Note: Any work you do for schools via our schools platform is on a PAYE basis and is counted separately.
Tax Responsibilities
Depending on how much you earn on Sherpa and other self-employed work, you may need to file a self-assessment tax return every year.
This lets HMRC know how much you’re earning, including all other employment, so they can charge you the appropriate amount of tax each year.
For advice on whether you need to report your earnings, use the HMRC quiz on additional income linked below:
Your Sherpa Earnings
You can find records of all previous payments by heading to your tutor dashboard and then your payments page in the sidebar.
From there you can search your earnings between any two dates, then view and export the relevant invoices to later report to HMRC if necessary.
Keep in Mind: Only include your take home pay (after fees) as income. Sherpa platform fees are not included in your earnings.
Trading Allowance
The trading allowance is a single £1,000 deduction per tax year that applies to all your combined self-employed income.
If you are just starting out with tutoring and earn under £1,000 from self-employed work between 6 April to 5 April in a tax year, you may not have to report this income through self-assessment.
This depends on other ways you earn money as it a combined allowance. Martin Lewis has some great advice on what you need to report when making money online.
Registering Your Business
If HMRC recommends you file a self-assessment tax return for your projected income through Sherpa, set up a business as a sole trader on the HMRC website and you can register for self-assessment.

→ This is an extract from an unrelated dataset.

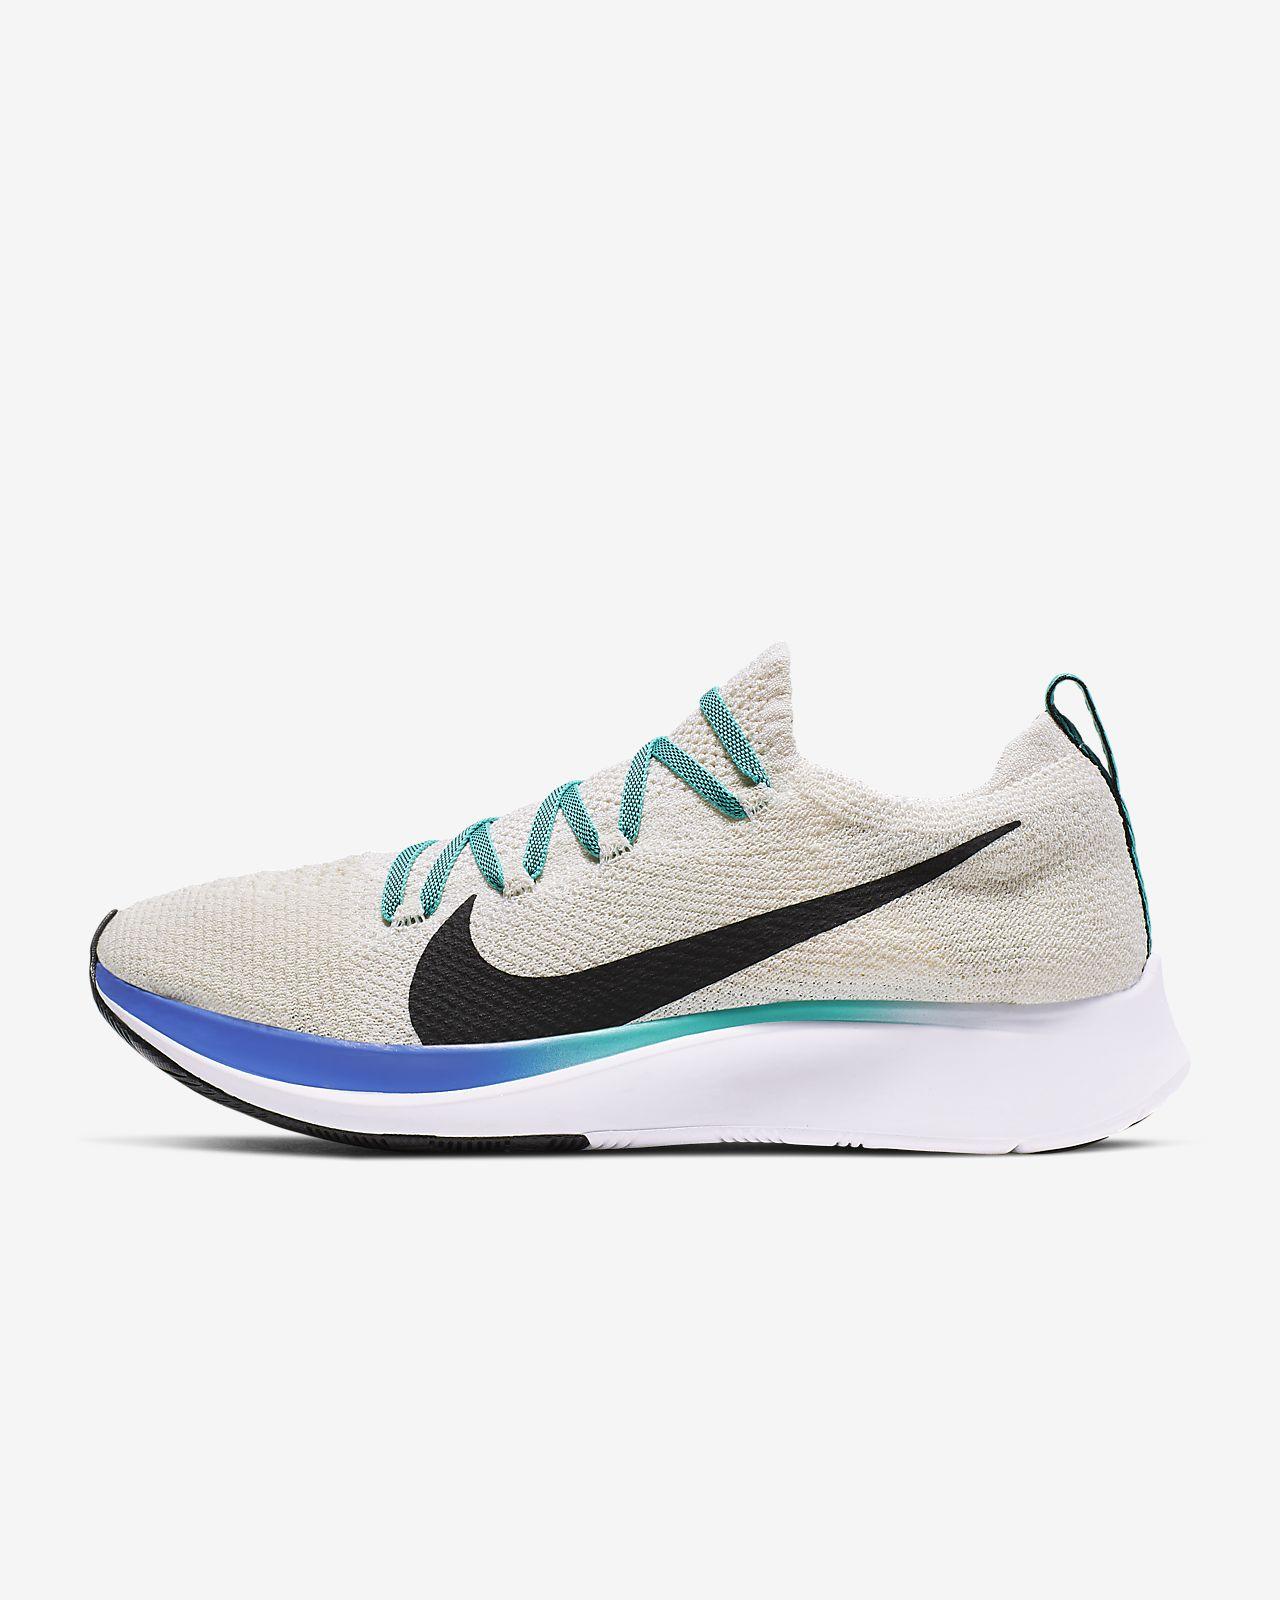 Nike Zoom Fly Flyknit Hardloopschoen voor dames
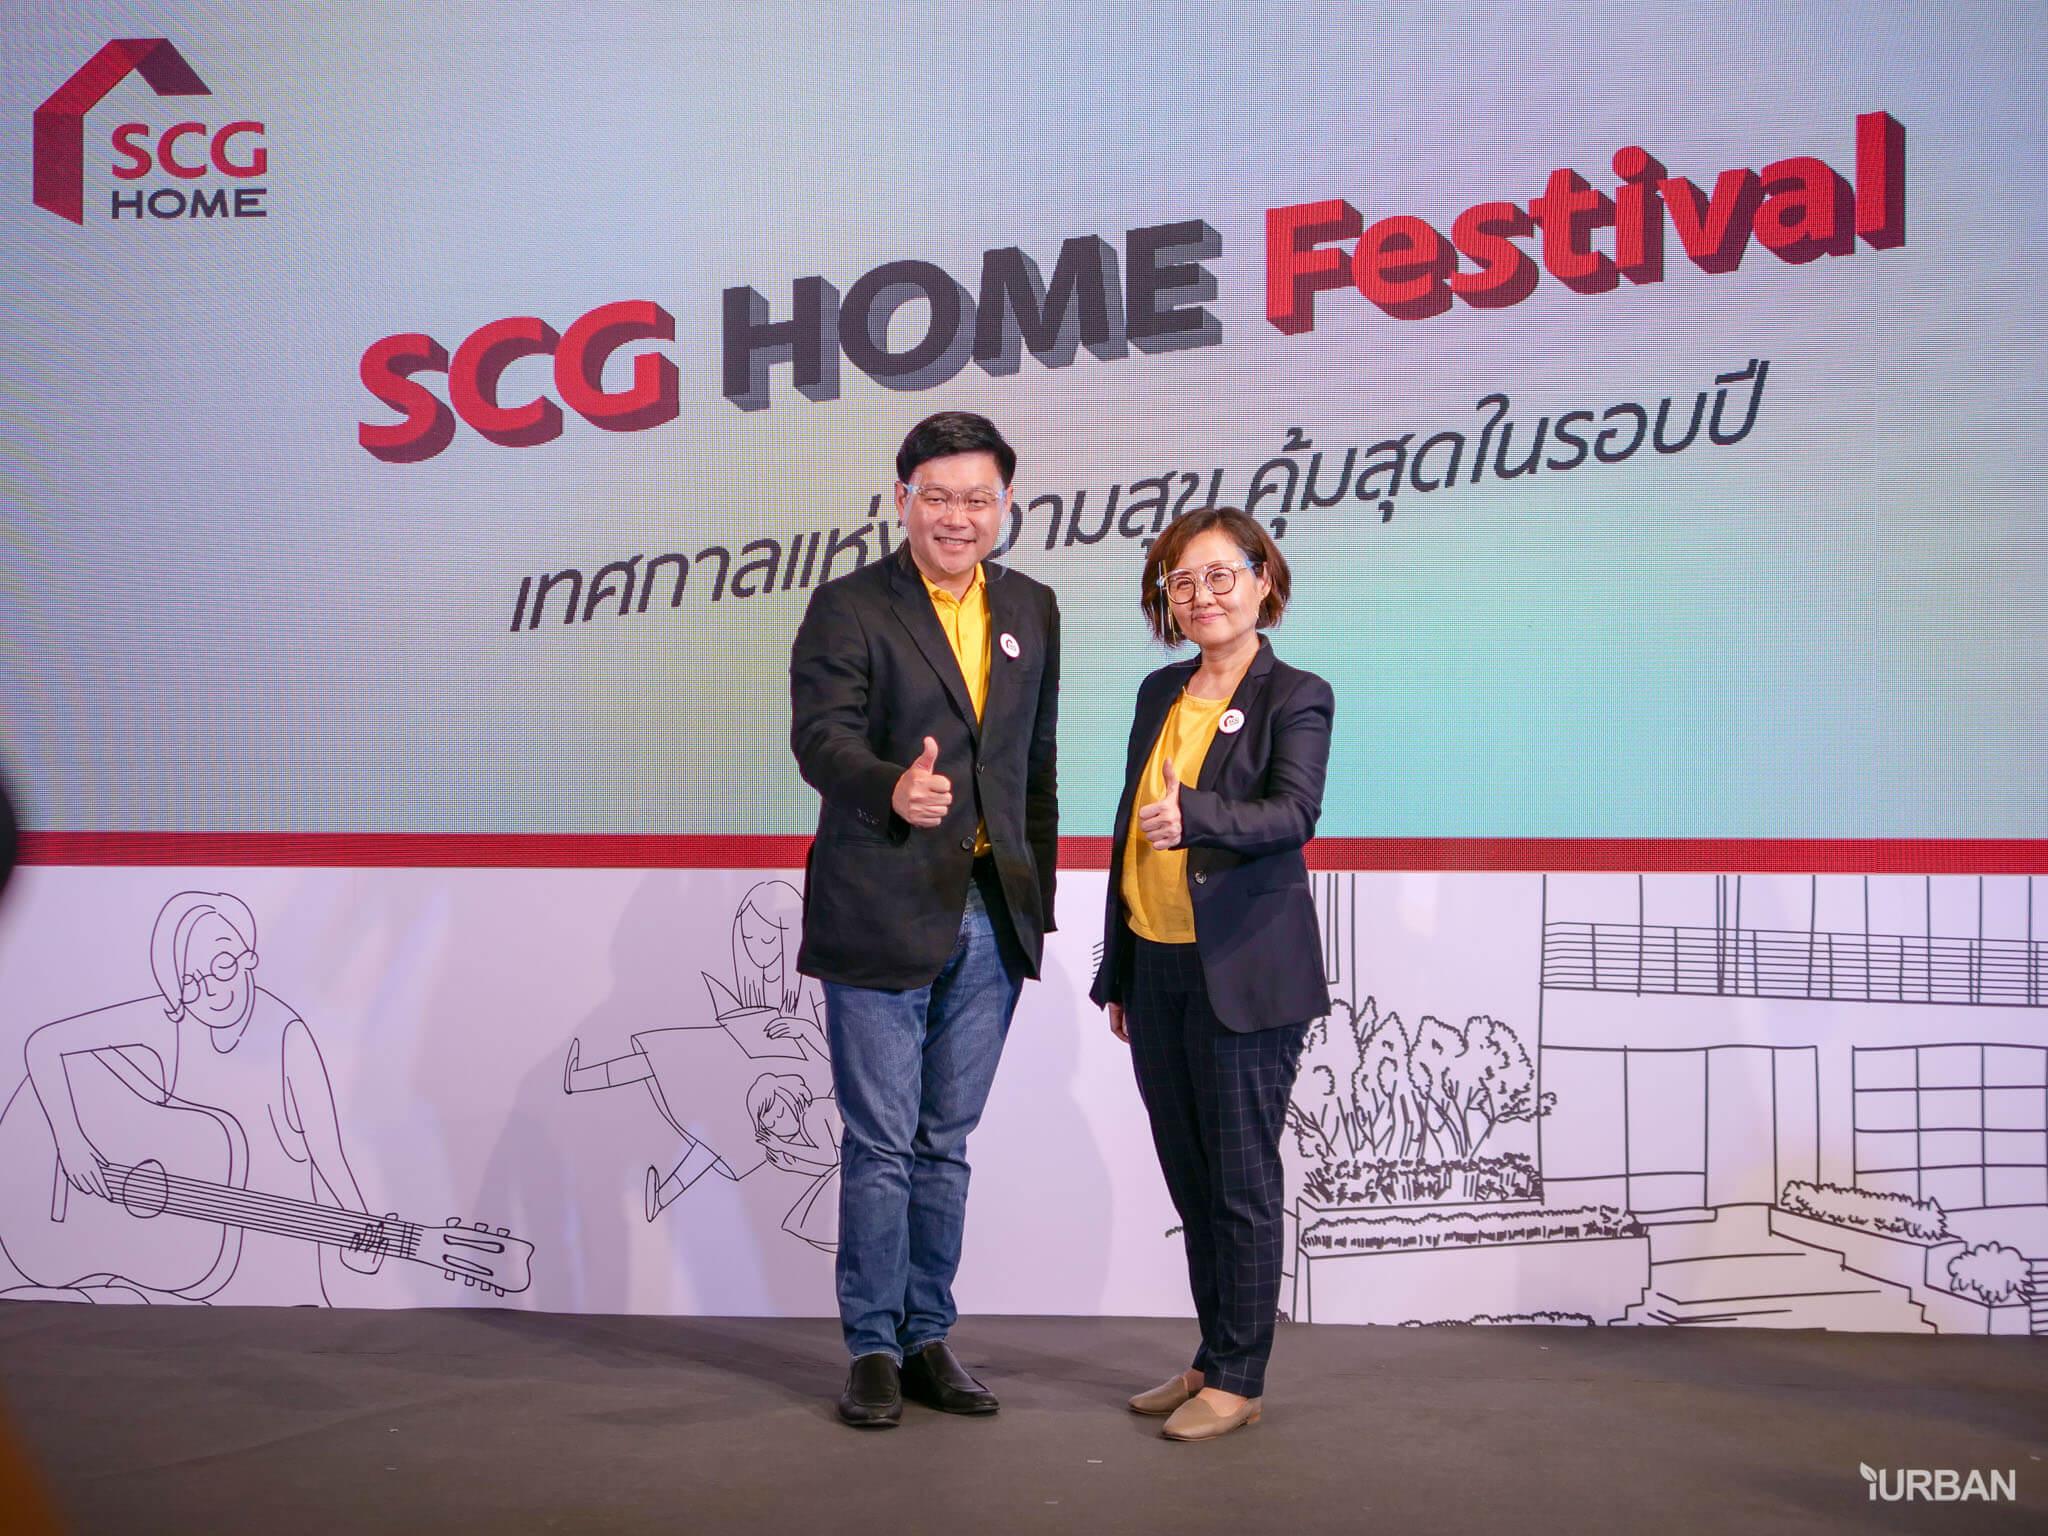 SCG HOME Festival เทศกาลที่คนรักบ้านต้องไป อย่าพลาดดูงานนี้ก่อนแต่งบ้าน @ CDC 18 - event

Most people set up as a sole trader when first starting out as a business. You can be a sole trader as your only job or be employed and self-employed at the same time.
There are other ways of setting up a business like a limited company. Both have very different tax and legal responsibilities.
Income Tax
What you will pay in income tax depends on how much of your total income is above your tax free Personal Allowance, and how much falls within each tax band.
In the UK, the usual personal allowance can change every year. See the latest tax rates and personal allowances here.
The deadline to complete your tax return varies on how you plan to submit it. See the HMRC guidance on tax return deadlines here.
Does Sherpa Count as a Business Expense?
As Sherpa's platform fee is not a running cost paid out of your own pocket without earnings, it does not count as a business expense.
Your business may have various running costs called expenses. You can deduct some of these to work out your taxable profit as long as they’re allowable expenses.
You cannot deduct business expenses if you have claimed your £1000 trading allowance reduction, so claim whichever is more beneficial.